If the test suite maintainers haven't done their magic by
the time I send out the next agenda, somebody please remind me.

It doesn't seem like new information that should cause us to
reconsider any design issues.

>  Does the WG have any 
> advice for dealing with RDF entailment based closure (which is always 
> infinite and for obvious and useful and used queries like ?p rdf:type 
> rdf:Property will return infinite results?)
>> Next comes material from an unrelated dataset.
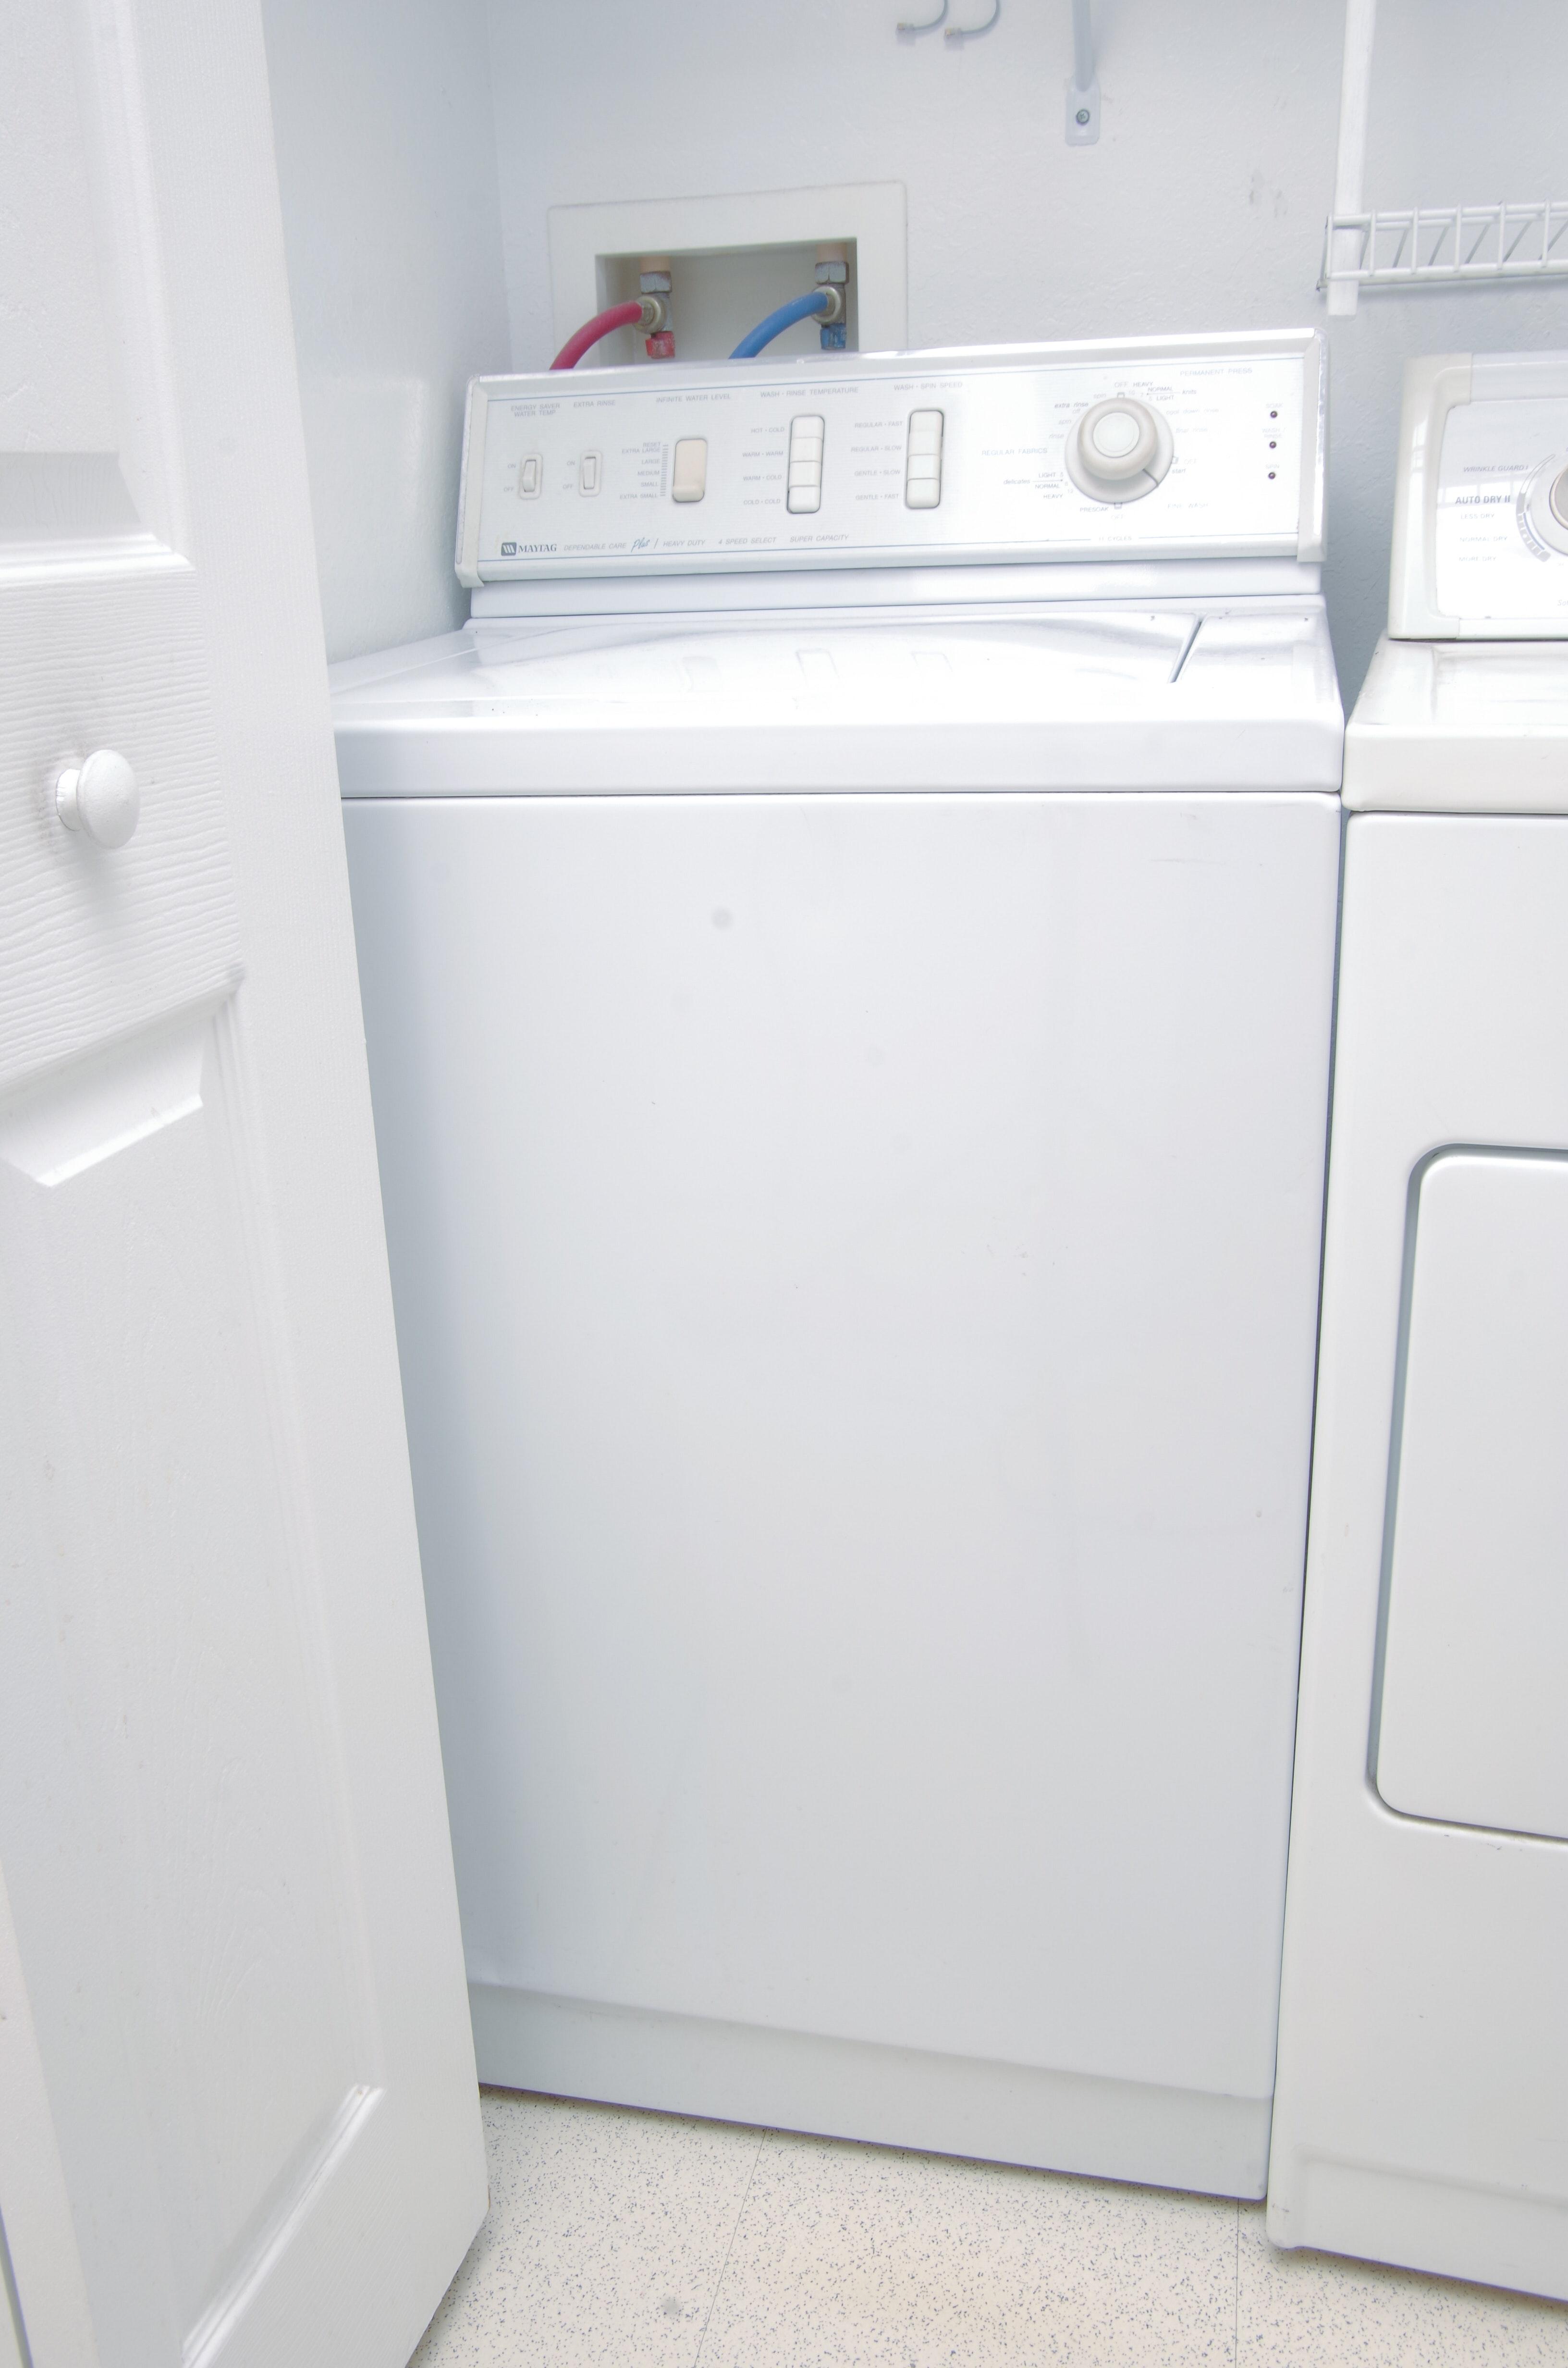 maytag series 100 washing machine

I'm pretty sure that as a WG, no, have not given any advice for that
case.

>  Actually, I think if SPARQL 
> as written can't properly or practically handle RDF entailment then it 
> is broken. Similarly for RDFS entailment. It should AT LEAST get those 
> right, or it should make clear that it can only (practically speaking) 
> handle "base graphs" until it is clear how to handle these other 
> situations.

The present design seems to accomodate practical approaches to
RDFS entailment, or so I gather via Steve. I haven't seen
anybody motivated to bother with RDF entailment.
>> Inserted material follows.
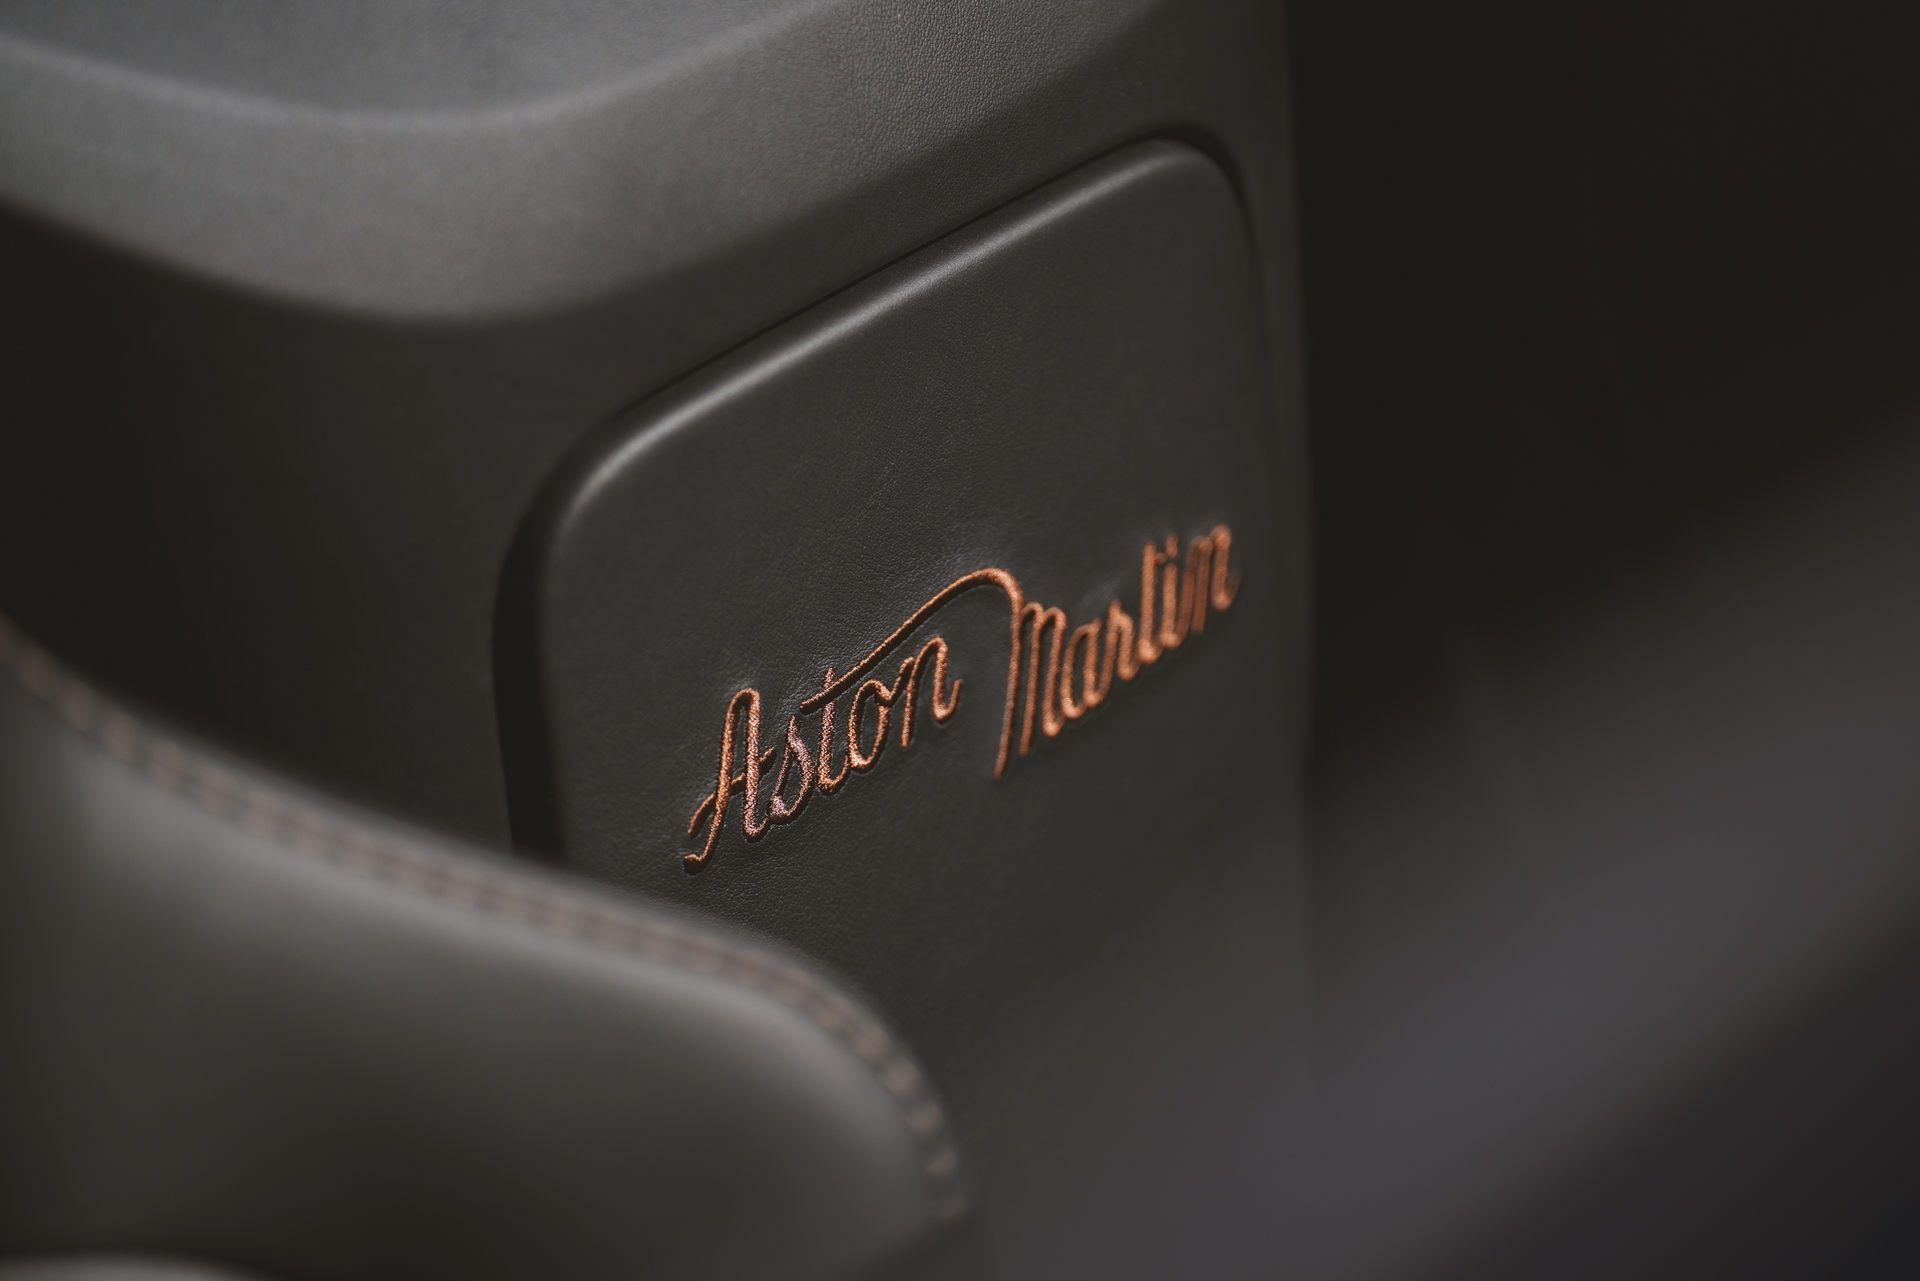 Aston-Martin-Vantage-Roadster-A3-16

Does anyone else think we should add a requirement for dealing
with RDF entailment? Or that I should add an issue to the issues list?

I can imagine useful clarifications about limitations in this area.
You're welcome to suggest some text.


> I guess you could let chips fall and say, "hey, rdf and rdfs entailment 
> per se are hard to deal with...suck it up".

That seems like a concise summary of the state of the art.

> Sorry to have not banged on this bit sooner, but I hadn't really 
> noticed it before.

"So much time... so little to do... strike that; reverse it"
 -- Willy Wonka

> > The specification of SPARQL QL and our test harness and such
> > start there, and tell you, given a query, what the results are.
> 
> Which tests deal with graphs under RDF semantics?

None/all/any. The tests, like the QL spec, are orthogonal to inference.

> [snip]
> >> If the way around this is to do some sort of closure and then "dump"
> >> the data (roughly) and reload it..well....now we're requiring
> >> extrasilly gyrations to kill clarity and avoid some important details.
> >
> > You don't have to dump it anywhere; you don't even have to
> > pre-compute the whole thing; you can do the query backward-chaining
> > style, if you like.
> 
> I meant conceptually. In any case, I think one throw away line in the 
> first not clearly normative paragraph of the document doesn't adquately 
> explain this design. So i'm back to wanting a clearly specified design. 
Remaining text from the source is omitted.